Но вражда с царским фаворитом продолжалась. Жестокий интриган Меншиков выискивал способы сгубить «жида Лакосту». И нашел. Во время Прутского похода Лакоста подружился с другим приближенным к трону евреем - вице-канцлером Петром Шафировым. Шафиров служил Петру верой и правдой, но Меншиков изыскал способ извести высокопоставленного инородца: обвинил его в казнокрадстве и сокрытии еврейского происхождения. Шафирова бросили в тюрьму и приговорили к смерти. Перед казнью Лакоста отправился навестить товарища, чтоб развеять его горькие думы. Меншиков, прознав про визит шута в тюрьму, представил дело как государственную измену. Лакосту сослали в Сибирь. Антуан Дивьер попытался спасти соплеменника, но единственное, в чем преуспел, смог выделить шуту карету и охрану из двух человек, которые сопроводили его к месту ссылки.

Вернулся в Петербург Лакоста только при Анне Иоанновне. Императрица хоть и не любила евреев, некоторым из них оказывала особое внимание. Она помиловала Лакосту, пригласила в столицу и вернула его на «должность» шута. Но это уже было шутовство совсем иного порядка. Анна Иоанновна к сатире относилась с подозрением, а от шутов требовала скабрезных шуток и глупых ужимок. Шуты при ней восседали на корзинах с яйцами и отчаянно кудахтали: императрица хохотала до слез.

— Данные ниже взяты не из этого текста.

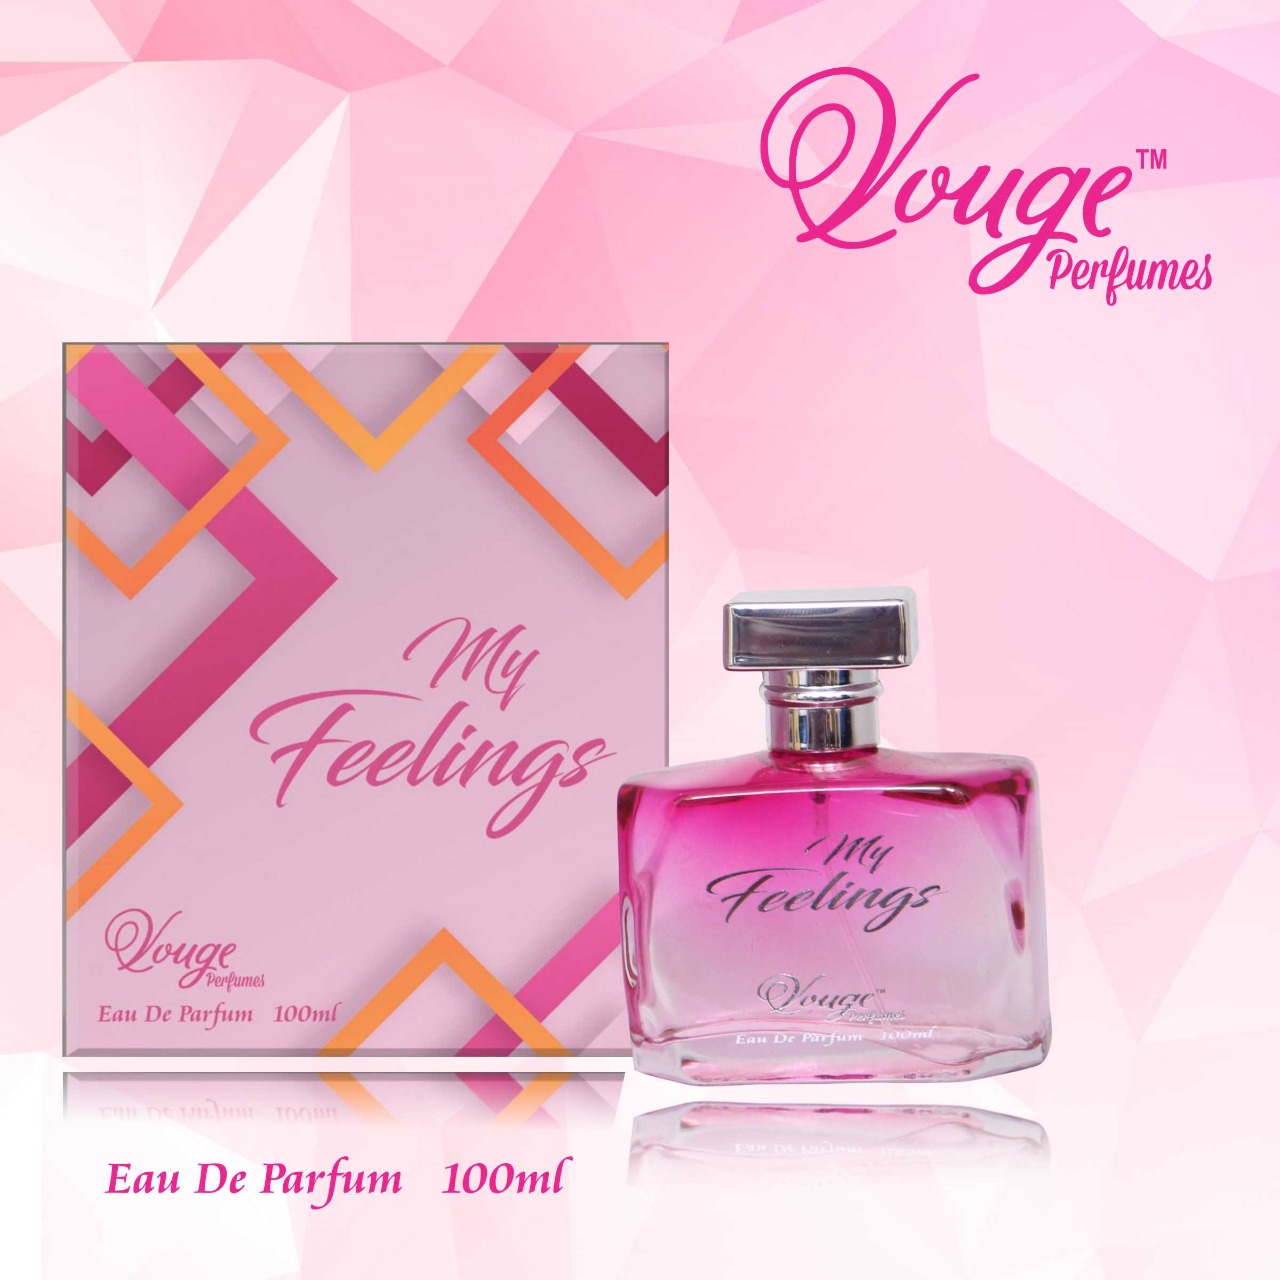 Vouge Perfume - My Feelings from Alminar fragnance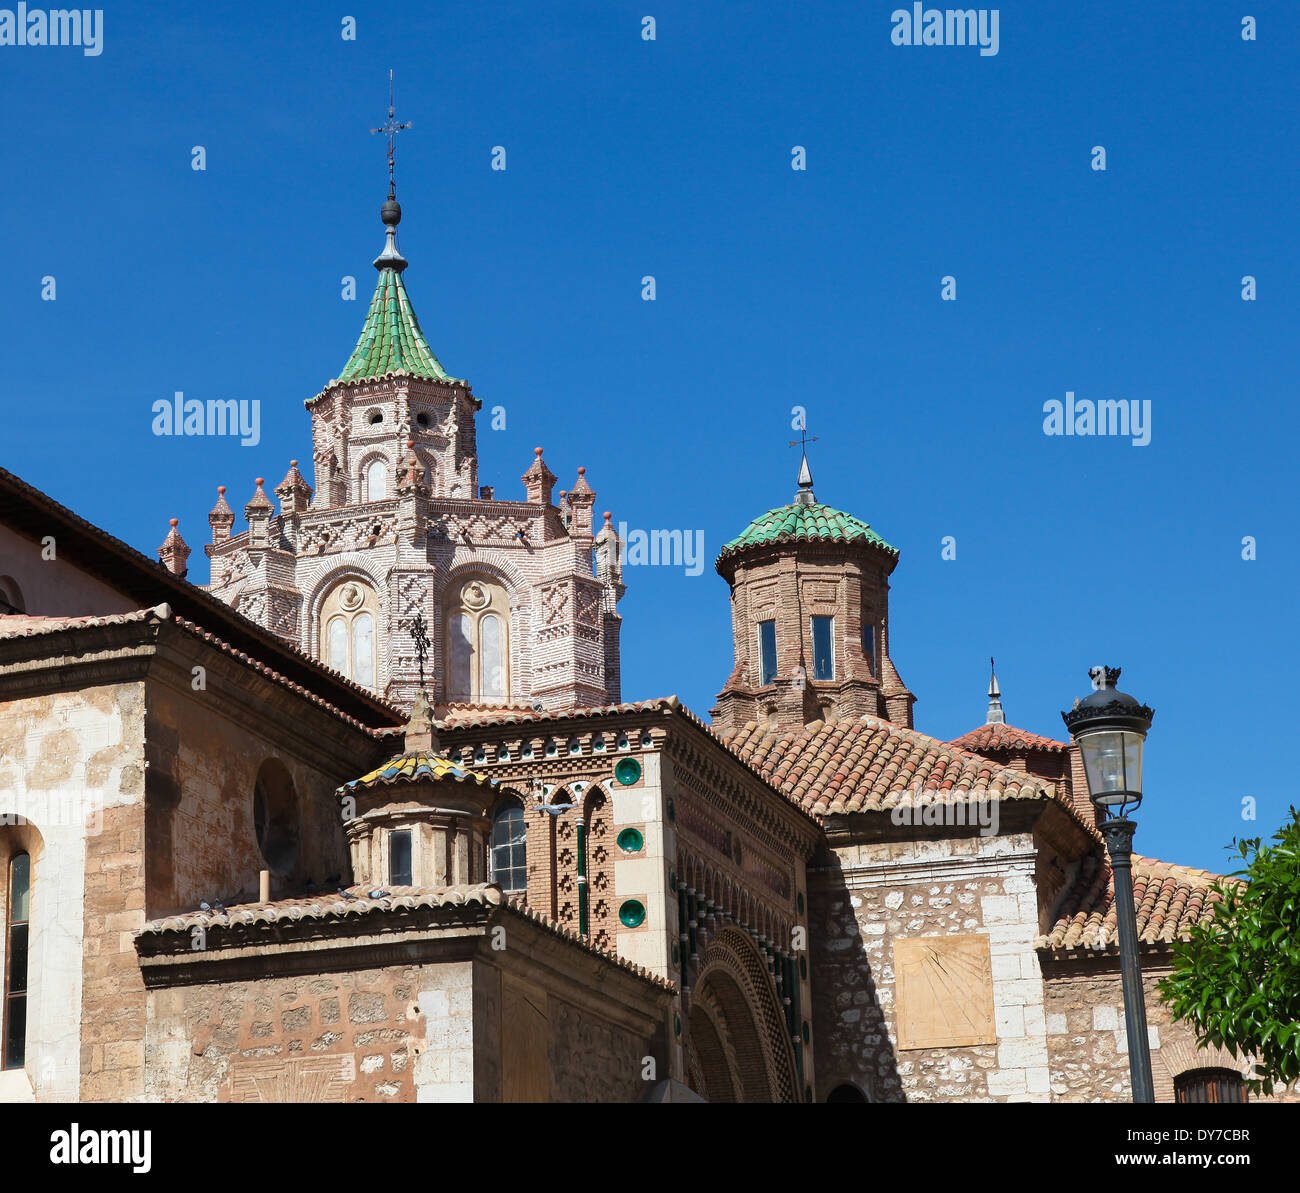 Típica arquitectura mudéjar de Teruel, Aragón, España oriental. Foto de stock

Лакоста и при Анне Иоанновне считался «самоедским королем». Царицу очень веселило, к примеру, когда шут разбрасывал пригоршнями серебро перед своими подданными, а те дрались и толкались в погоне за монетами. И хотя Лакоста страдал от новой роли, которую приходилось исполнять при дворе, он стал первым шутом, в честь которого Анна Иоанновна приказала выстроить фонтан. Так в Летнем саду появился фонтан «Лакоста».

Сооружение, правда, было разрушено наводнением, но ученые полагают, что на постаменте возвышалась фигура придворного сатирика. Еще один знак внимания, которым одарила императрица Лакосту, - орден Святого Бенедетто, который она учредила специально для своих шутов. Но ни милости царицы, ни покровительство Шафирова, тоже вернувшегося ко двору, не утешали Лакосту. Он был человеком уже почтенного возраста, глупые ужимки и розыгрыши были ему не по душе. Шут устал.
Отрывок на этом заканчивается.